Bishop of Augsburg from 1858 to 1894

Pankratius von Dinkel (9 February 1811 (Staffelstein) – 8 October 1894 (Augsburg)) was Bishop of Augsburg, Germany from 1858 until his death in 1894.

Born on 9 February 1811, Staffelstein; he was ordained and consecrated as a Parish Priest of Bamberg by Archbishop Gregor Leonhard Andreas von Scherr, O.S.B. on 31 August 1834 at the age of 23.

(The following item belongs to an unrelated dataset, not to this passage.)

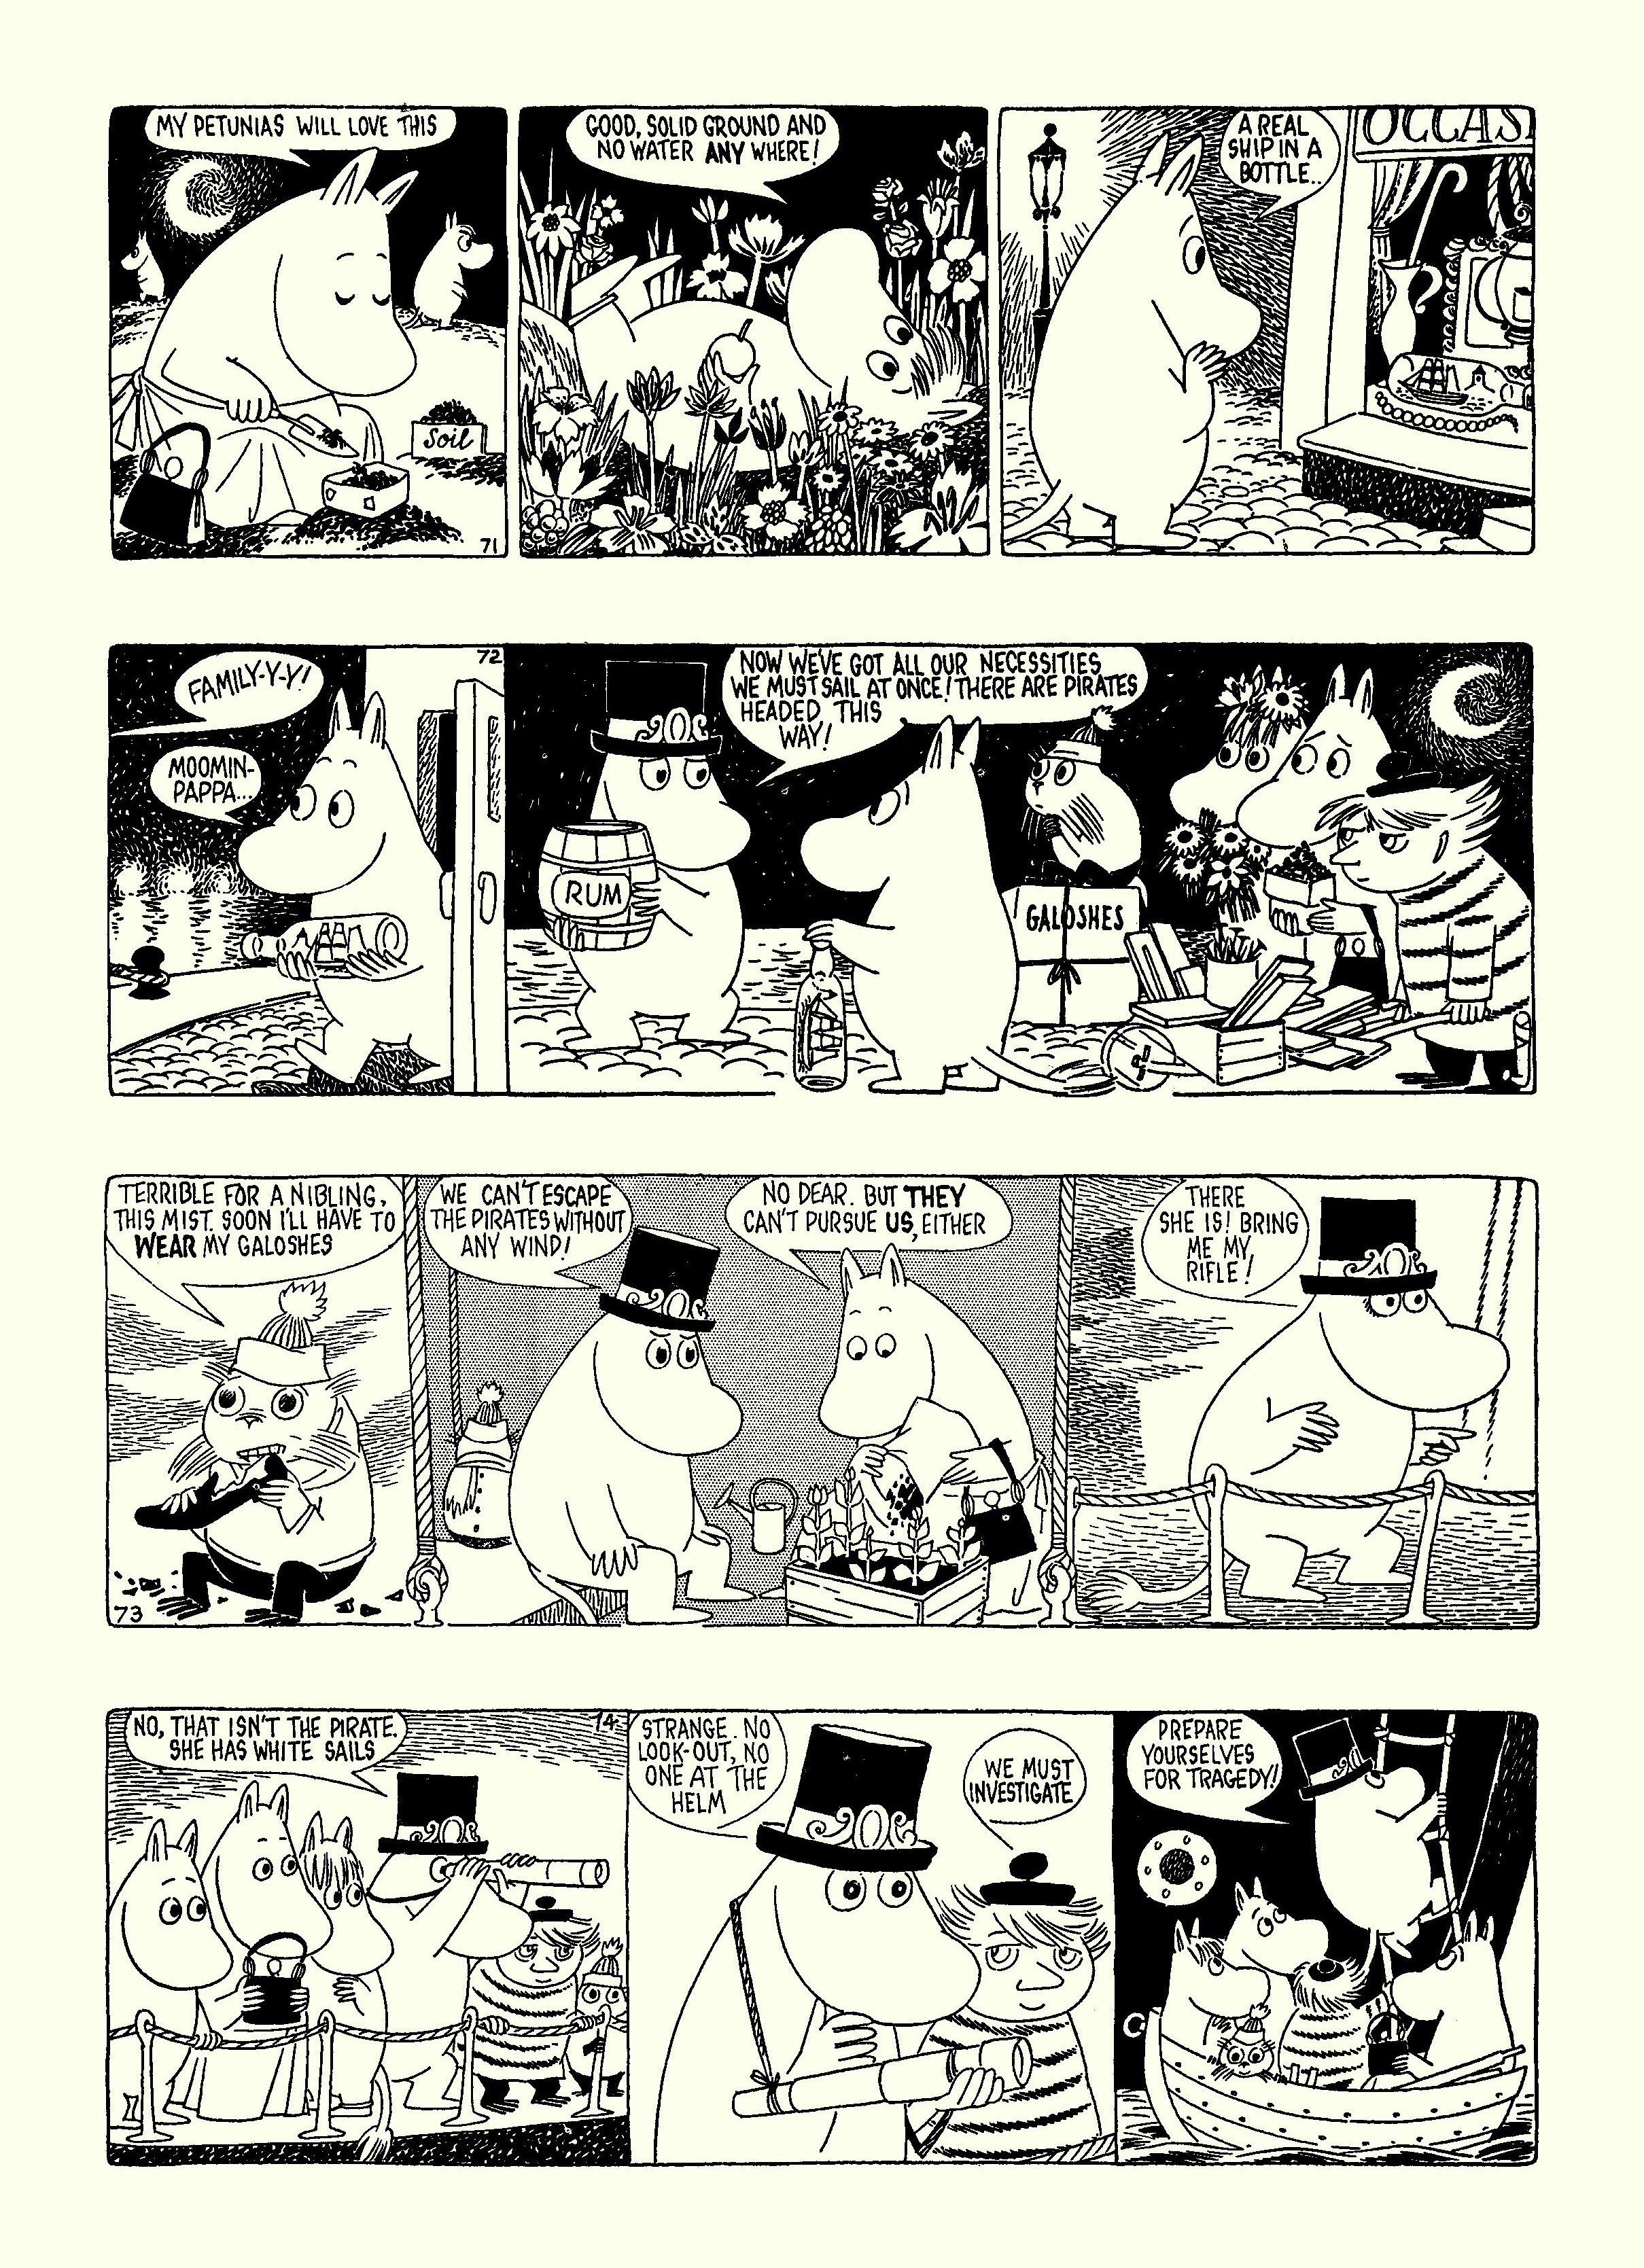 Read online Moomin: The Complete Tove Jansson Comic Strip comic -  Issue # TPB 5 - 49

On 16 July 1858, aged 47, he was appointed as Bishop of Augsburg and confirmed on 27 September. Pankratius was later ordained on 21 November 1858. During his time there, he founded a boys' seminary in Dillingen, had a new diocesan prayer and hymnal created and worked on restoring the cathedral; he also accepted many priests and theology students who had been expelled from Prussia.

He attended the First Vatican Council and was opposed to Papal infallibility.

On 8 October 1894, he died, aged 83, in Augsburg.

He was a priest for 60 years and a bishop for almost 36 years.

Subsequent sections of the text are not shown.